The malware also checks whether two-factor authentication is enabled for the hijacked accounts and uses the active session to obtain backup codes for the 2FA when enabled.

“Information stolen from the victim's machine also allows the threat actor to attempt these activities (as well as other malicious activities) from outside the victim's machine,” the researchers said.

“Information such as stolen session cookies, access tokens, 2FA codes, user agents, IP address and geolocation, as well as general account information (such as name and birthday) could be used to cloak and impersonate the victim.”

The malware aims to attempt to add email addresses controlled by attackers to the hijacked Facebook business accounts with the highest possible roles: admin and finance editor. According to Facebook owner Meta’s documentation, admins have full control over the account, while finance editors have control over credit card information stored in the account as well as transactions, invoices, and spending on the account.
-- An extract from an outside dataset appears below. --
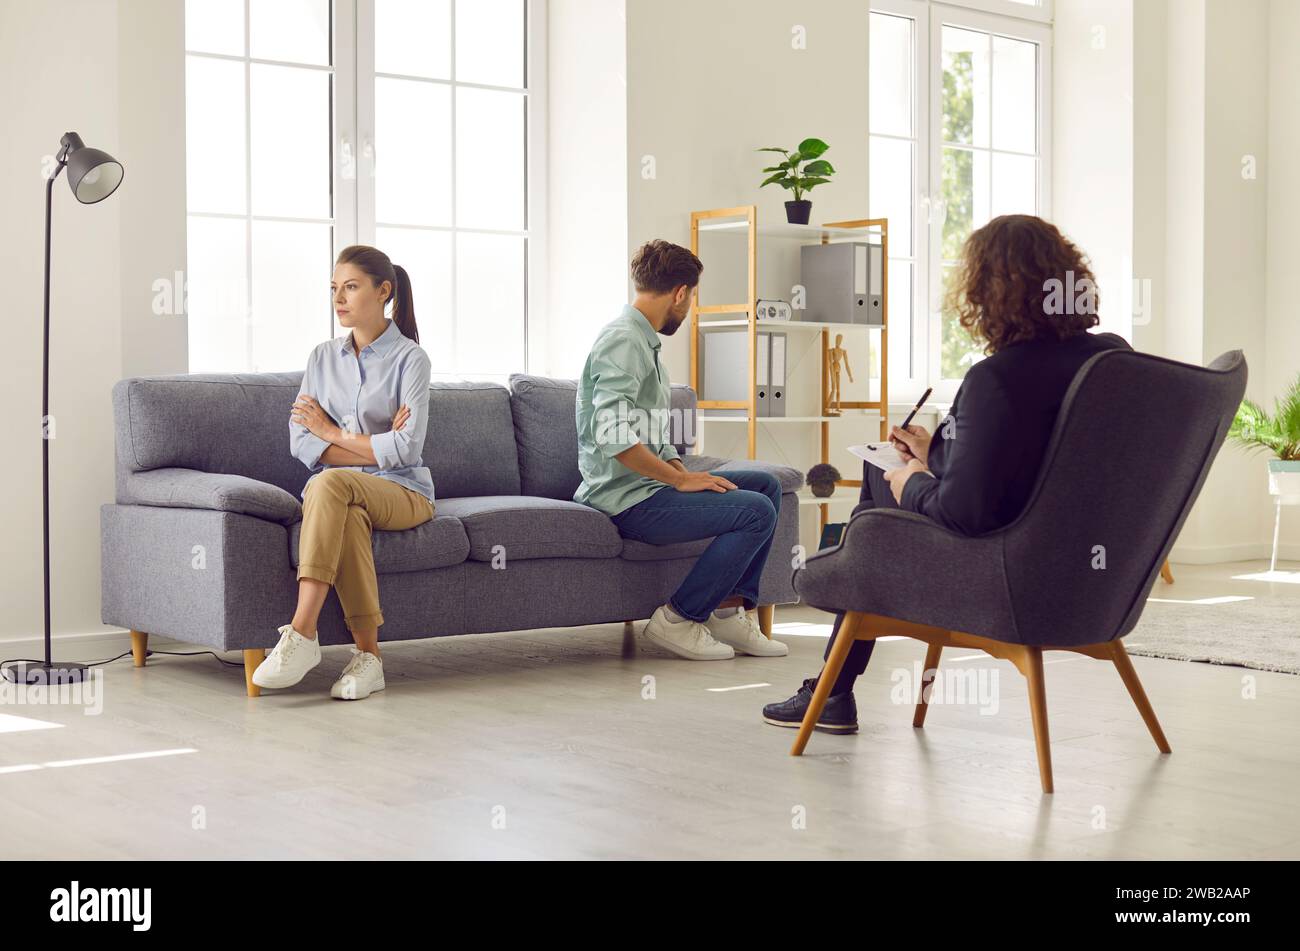 Couple sitting on opposite sides of sofa ignoring each other at family psychologist office. Stock Photo

They can also add external businesses to stored credit cards and monthly invoices allowing those businesses to use the same payment method.

Impersonating legitimate account manager identities

“In instances where the targeted victims did not have sufficient access to allow the malware to add the threat actor’s email addresses into the intended business accounts, the threat actor relied on the information that was exfiltrated from the victims’ machines and Facebook accounts to impersonate them and achieve their post-compromise objectives via hands-on activity,” the researchers said in their new report.

In one instance that WithSecure incident responders investigated, the victim used an Apple machine and had never logged into Facebook from a Windows computer.

No malware was found on the system and the initial access vector could not be determined. It’s unclear if this was related to DUCKTAIL, but the researchers established that the attackers were also from Vietnam.

Facebook Business administrators are advised to regularly review users added under Business Manager > Settings > People and revoke access to any unknown users granted admin access or finance editor roles.

“Across our investigations, WithSecure Incident Response team found that business history logs and targeted individuals’ Facebook data were relevant to analysis of the incident,” the researchers said.

“However, for logs relating to the individual's Facebook account, inconsistencies are widely present between what is visible on the web portal compared to what you would get if you were to download a copy of your data.

"As a recommendation to other investigators, the WithSecure Incident Response team strongly recommends capturing a local copy of business history logs as soon as possible and requesting a copy of user data for their account.”